Given records:
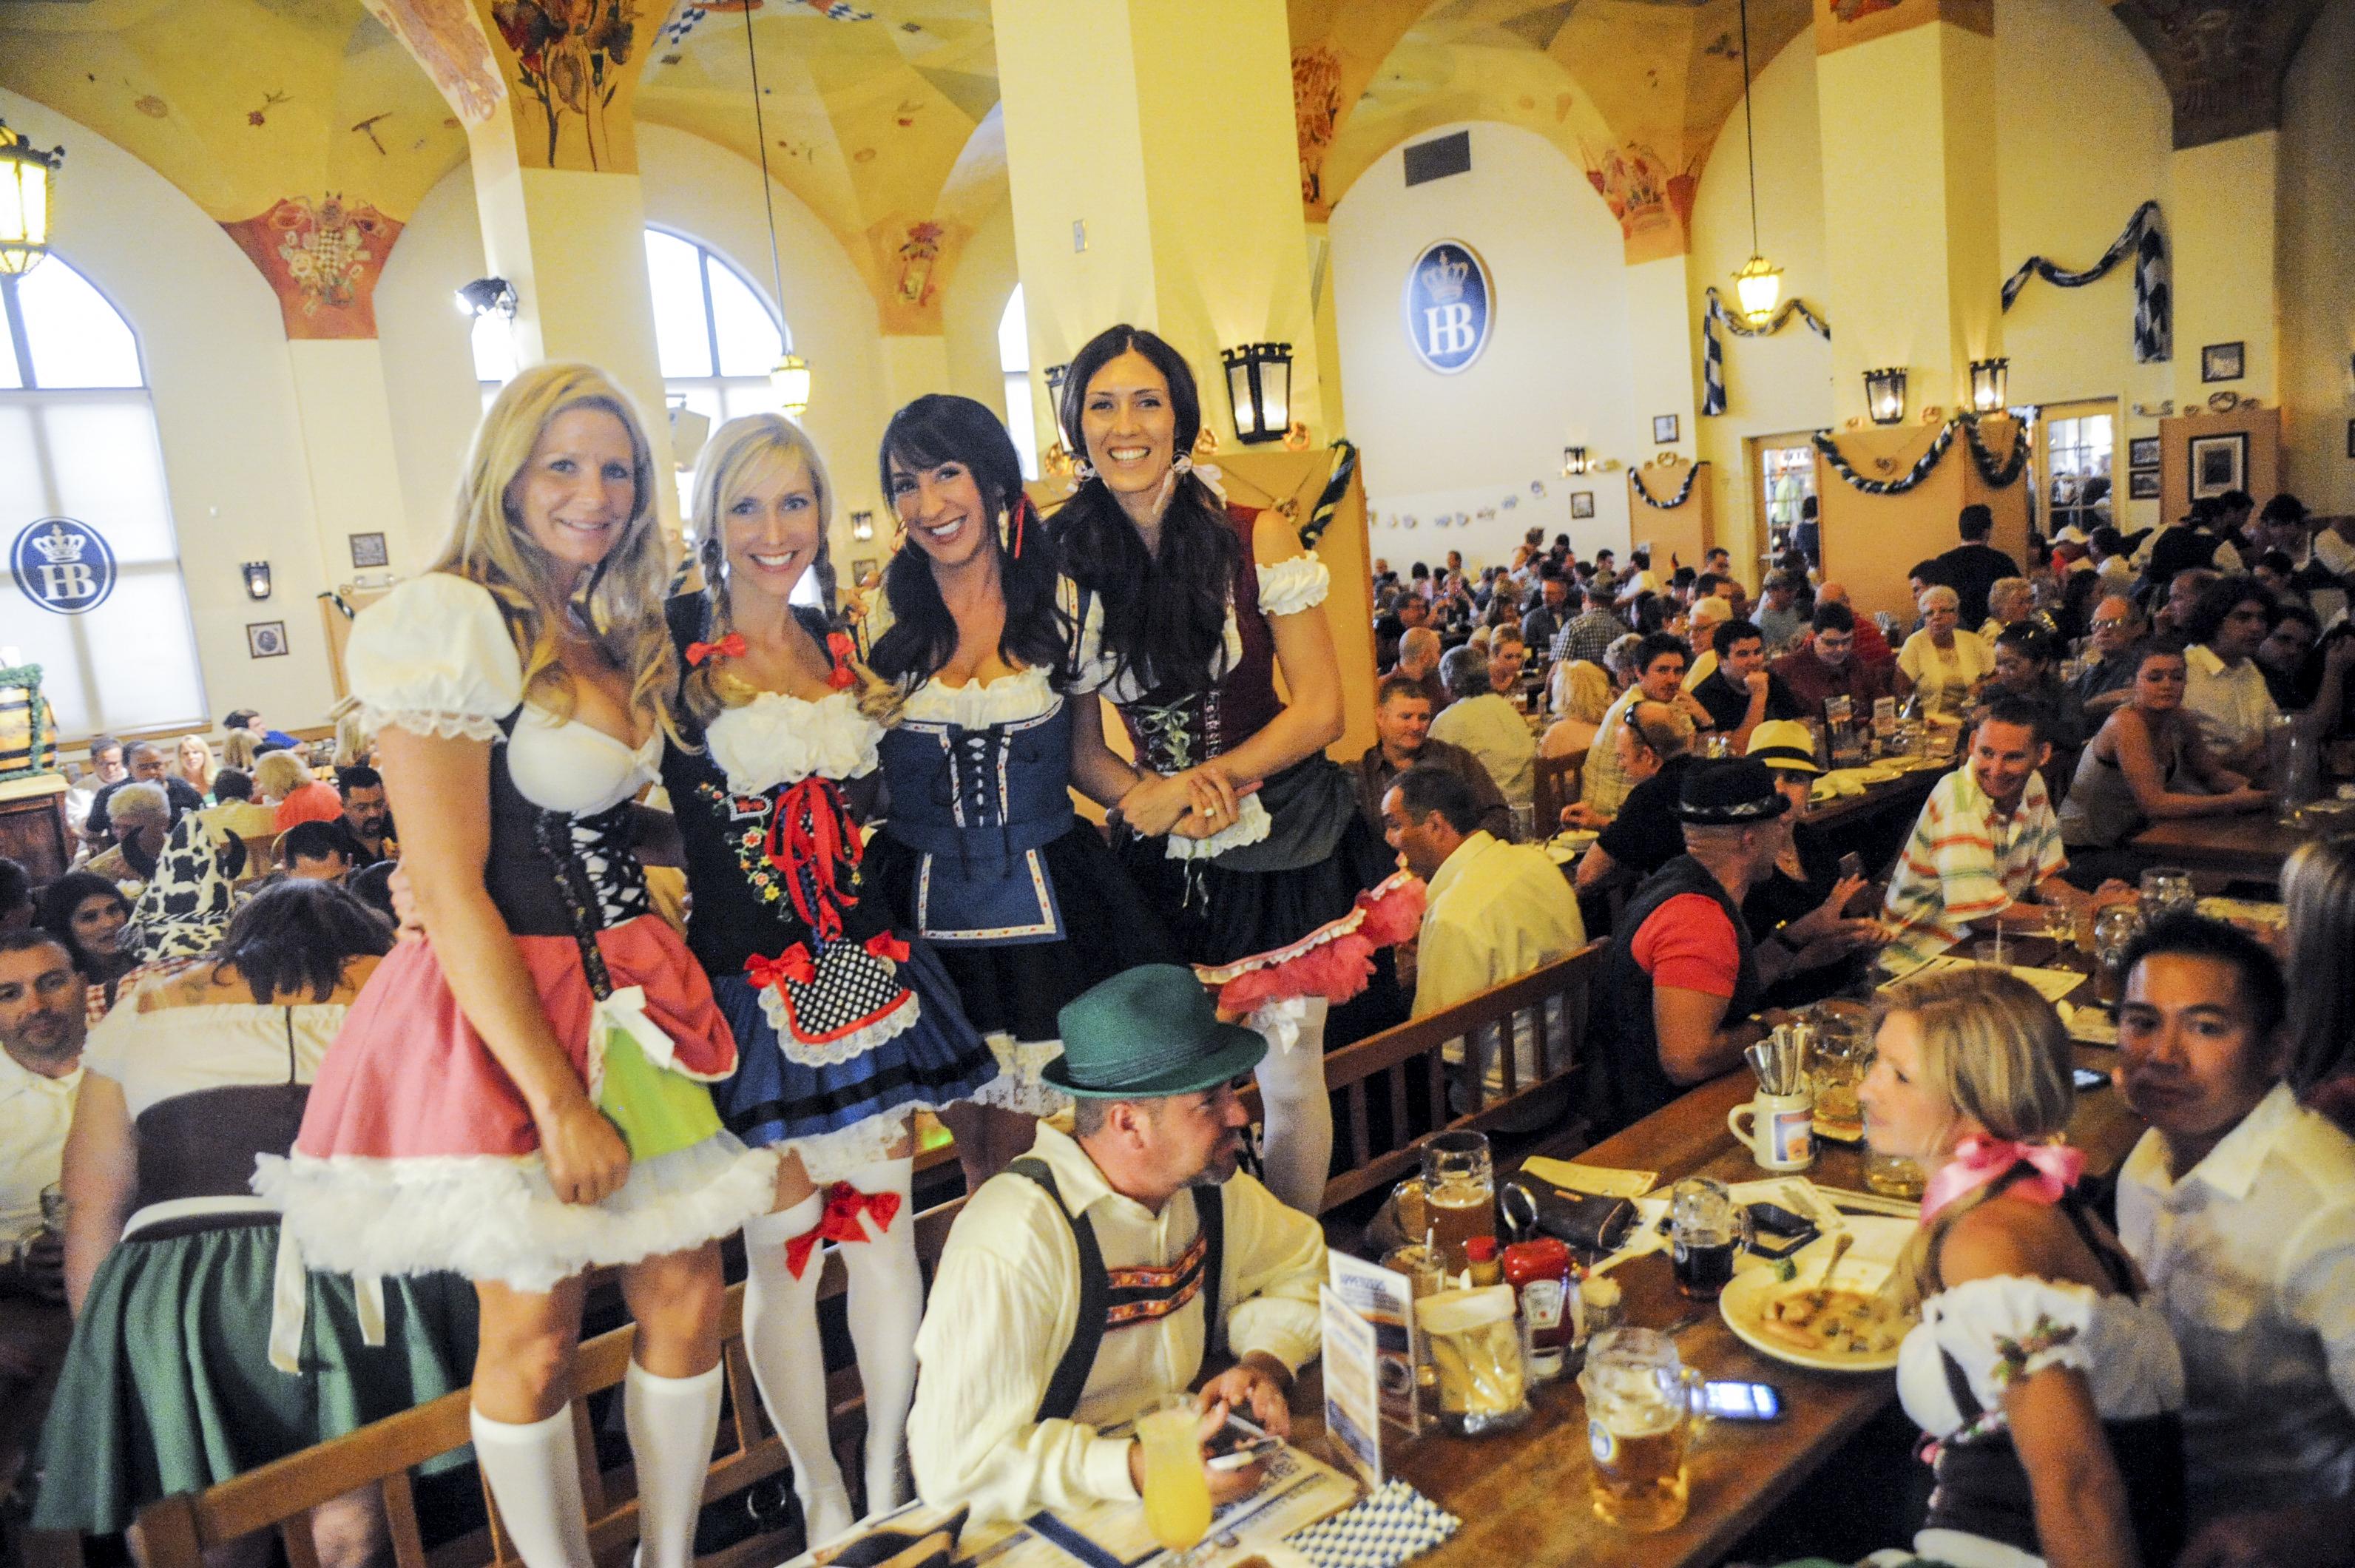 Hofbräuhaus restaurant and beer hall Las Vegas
...
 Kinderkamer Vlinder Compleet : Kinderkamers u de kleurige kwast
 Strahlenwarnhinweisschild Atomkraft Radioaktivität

Work to be completed:
Retype exactly the lines of the data above that fall between the line with "Kinderkamer Vlinder Compleet" and the line with "Strahlenwarnhinweisschild Atomkraft Radioaktivität", inclusive, and add nothing.

Answer to the exercise:
 Kinderkamer Vlinder Compleet : Kinderkamers u de kleurige kwast
 Strahlenwarnhinweisschild Atomkraft Radioaktivität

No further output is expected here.